Required Documentation in support of the Visa application
  • Form DS-230;
  • Form I – 864, Affidavit of Support Form and accompanying documents;
  • a copy of spouse/sponsor’s federal income tax returns for the last one to 3 years with W2s;
  • proof of sponsor’s current employment;
  • a list of assets, (the sponsor’s and for the immigrant’s) if they must be used to meet the poverty businesses minimum;
  • proof of ownership of assets (the sponsor’s and for the immigrant’s) if any were listed;
  • if sponsor or sponsor’s dependants have used financial need-based public benefit in the last 3 years, a list of the programs and dates of receipt;
  • if exempt from the Affidavit of Support requirement from I–864W together with a certified statement of the sponsor’s social security earning history;
  • original and one photocopy of applicant’s birth certificate;
  • original and one photocopy or marriage certificate;
  • if applicable, original and one photocopy of proof of termination of all previous marriage, such as death, divorce or annulment certificate;
  • original INS or USCIS Notice of Approved I – 130 (Form I – 797);
  • two color photographs of applicant (passport style);
  • police certificate;
  • military records, if applicable;
  • court and prison records, if applicable.

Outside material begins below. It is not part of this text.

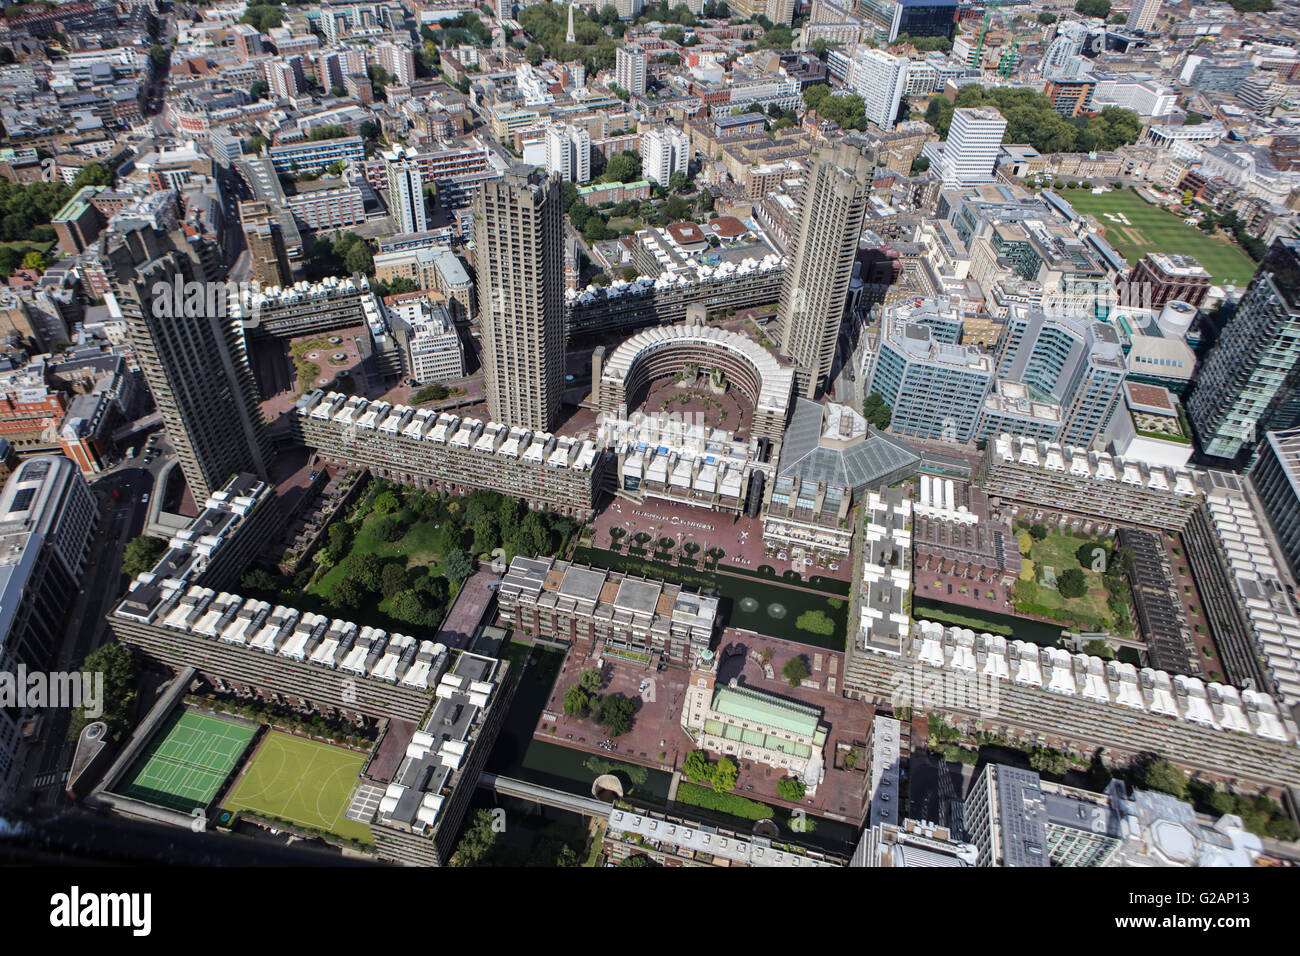 An aerial view of the Barbican Estate, a residential estate in the City of London and a prime example of Brutalist design Stock Photo

Documents showing that the Marriage is Bona Fide
  • rental agreements, leases or mortgages showing that the couple have lived together and/or have leased or bought property in both spouse’s name;
  • hotel and airplane receipts showing trips that the couple have taken together or to visit one another;
  • phone bills showing the couple’s conversations;
  • copies of letters and emails between the couple;
  • the couple’s mutual child’s birth certificate or a doctor’s report saying the applicant is pregnant.

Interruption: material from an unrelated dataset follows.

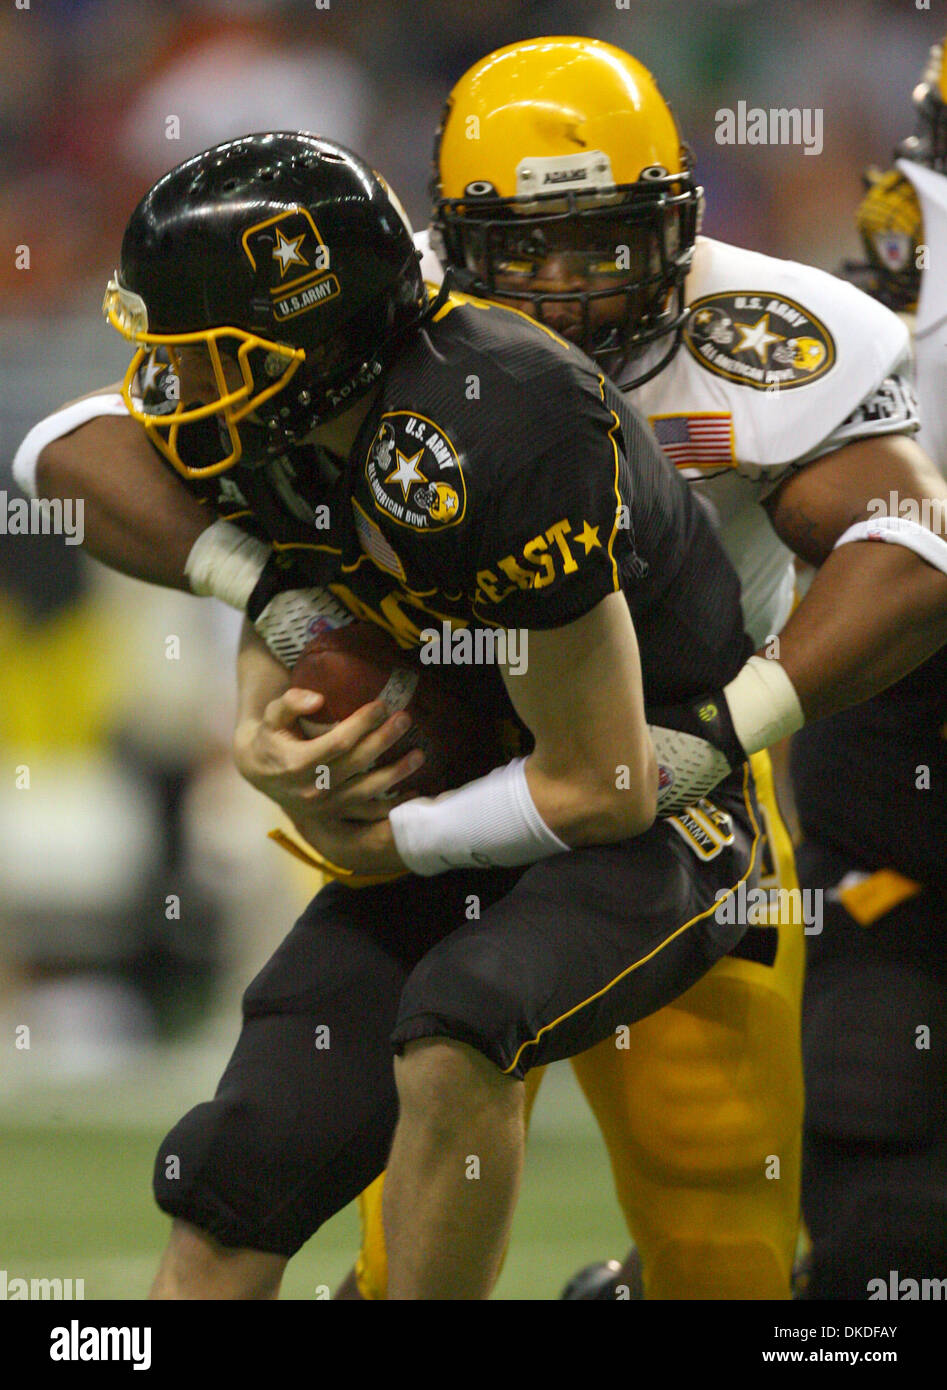 Jan 06, 2007 - San Antonio, TX, USA - 2007 US Army All-American Bowl. East squad's MATT SIMMS is sacked by West squad's EVERSON GRIFFIN Saturday Jan. 6, 2007 at the Alamodome. The West squad went on to win 24-7. Stock Photo

  • joint bank statements;
  • joint credit card statements;
  • evidence that one spouse has made the other a beneficiary on his/her life or health insurance or retirement account;
  • auto registrations showing joint ownership and/or address;
  • joint club memberships;
  • receipts for gifts that couple may have purchased for one another. (There should be items that are normally considered gifts, such as flowers, candy, jewelry and art);
  • letters from friends and family to each or both mailed to an address the couple were living together;
  • photos of the couple taken before and during the marriage including those taken at the wedding. The photos should, if possible include parents and other relatives from both families. Write the date the photo was taken and a brief description of what the photo shows on the back or underneath, if photocopying them.
What happens after a visa is issued?

Assuming all goes well at the visa interview the applicant will be given an immigrant visa. The inspection process during entry typically involves a U.S. border officer opening the sealed envelope containing the visa documents and making sure the applicant has not used fraud. The border officer has expedited removal power which means that the officer can turn the applicant right around and send them home if anything appears wrong in the applicant’s packet or with answer to the officer’s questions.

If the applicant’s marriage is less than two years on the date of their entry to the U.S. the border officer will grant them a conditional residence, i.e. a CR1 visa. If the marriage is older than 2 years, they will be made a permanent resident.